In [None]:
%%capture
!pip install datasets llama-index==0.10.37 llama-index-embeddings-openai==0.1.9 qdrant-client==1.9.1 llama-index-vector-stores-qdrant==0.2.8 llama-index-llms-cohere==0.2.0

Note: you should install the following packages to your environment:

`pip install datasets`

`pip install llama-index-embeddings-fastembed`

`pip install llama-index-llms-mistralai`

In [None]:
import os
import sys
from dotenv import load_dotenv
from getpass import getpass
import nest_asyncio
from IPython.display import Markdown, display

nest_asyncio.apply()

load_dotenv()

sys.path.append('../helpers')

from utils import setup_llm, setup_embed_model, create_index

In [None]:
CO_API_KEY = os.environ['CO_API_KEY'] or getpass("Enter your Cohere API key: ")

In [None]:
OPENAI_API_KEY = os.environ['OPENAI_API_KEY'] or getpass("Enter your OpenAI API key: ")

In [None]:
QDRANT_URL = os.environ['QDRANT_URL'] or getpass("Enter your Qdrant URL:")

In [None]:
QDRANT_API_KEY = os.environ['QDRANT_API_KEY'] or  getpass("Enter your Qdrant API Key:")

In [None]:
from llama_index.core.settings import Settings
from llama_index.core import StorageContext

from utils import setup_llm, setup_embed_model, setup_vector_store, create_index

setup_llm(provider="cohere", model="command-r-plus", api_key=CO_API_KEY)

setup_embed_model(provider="openai", api_key=OPENAI_API_KEY)

COLLECTION_NAME = "it_can_be_done"

vector_store = setup_vector_store(QDRANT_URL, QDRANT_API_KEY, COLLECTION_NAME)

storage_context = StorageContext.from_defaults(vector_store=vector_store)

index = create_index(from_where="vector_store", vector_store=vector_store, storage_context=storage_context)

# Default Prompt Templates

In [None]:
from utils import display_prompt_dict, create_query_engine

In [None]:
query_engine = create_query_engine(
    index=index,
    similarity_top_k=3, 
    mode="query",
    return_sources=True
    )

display_prompt_dict(query_engine.get_prompts())

In [None]:
from llama_index.core.prompts import PromptTemplate

custom_prompt = """You are an assistant for question-answering tasks related to \
motivational poetry.
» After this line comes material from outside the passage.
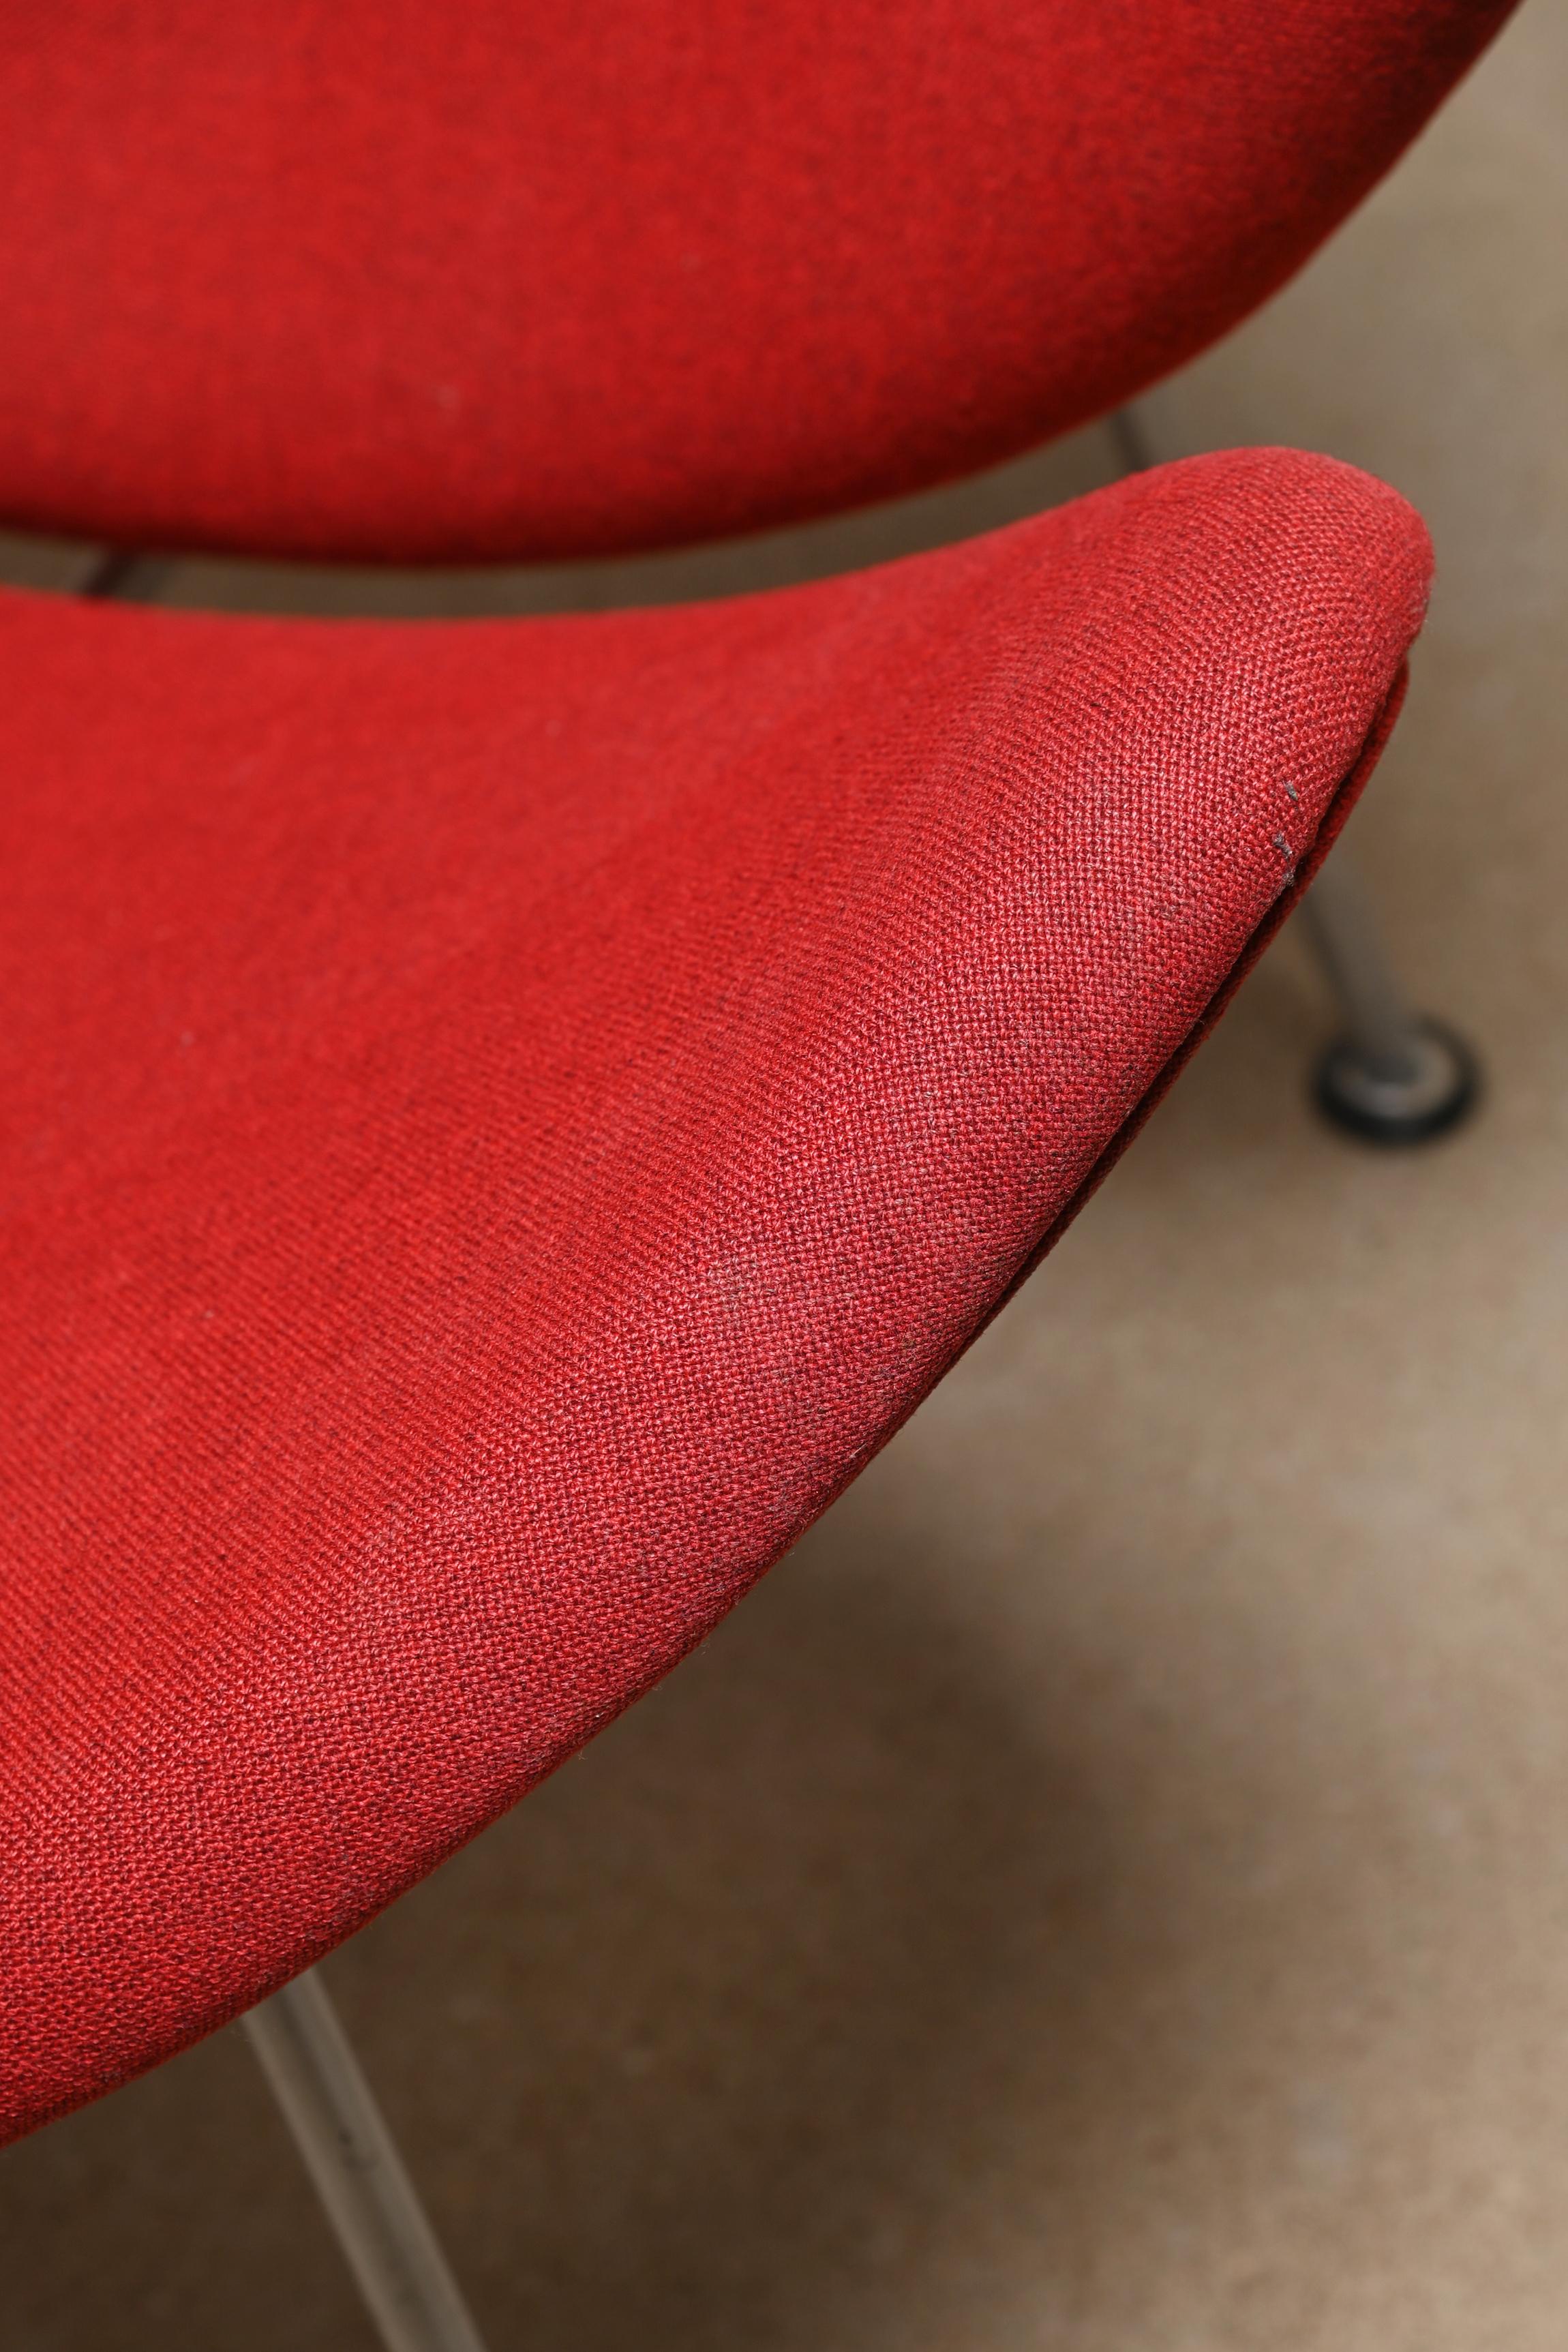 Early Pierre Paulin 'Orange Slice' Chair in Red Fabric by Artifort, Netherlands For Sale 2

Your must reponse with an original Haiku style poem.

Use the following pieces of retrieved context to answer the user's query:

---------------------\n
{context_str}\n
---------------------\n

Query: {query_str}
"""

custom_prompt_template = PromptTemplate(custom_prompt)

In [None]:
query_engine.update_prompts(
    {"response_synthesizer:text_qa_template": custom_prompt_template}
)

In [None]:
display_prompt_dict(query_engine.get_prompts())

In [None]:
from utils import create_query_pipeline

from llama_index.core.query_pipeline import InputComponent

input_component = InputComponent()

chain = [input_component, query_engine]

query_pipeline = create_query_pipeline(chain)

In [None]:
response = query_pipeline.run(input="If you keep your head when all around you are losing their cool and blaming it on you")

In [None]:
print(response)

# Response Synthesizers

The Llama Index [documentation](https://docs.llamaindex.ai/en/stable/module_guides/querying/response_synthesizers/) has a lot of detail regarding each of the response sythensizers. 

In [None]:
from llama_index.core.response_synthesizers import ResponseMode

In [None]:
dir(ResponseMode)

# Response modes

In LlamaIndex, [response modes](https://docs.llamaindex.ai/en/stable/module_guides/deploying/query_engine/response_modes/) are used to determine how the system should process and return the results of a query.  Each response mode is designed to handle different types of queries and use cases, providing flexibility and customization in how you interact with your data.



#### ⚗️ Refine 

Refine is an iterative method to generate a response. 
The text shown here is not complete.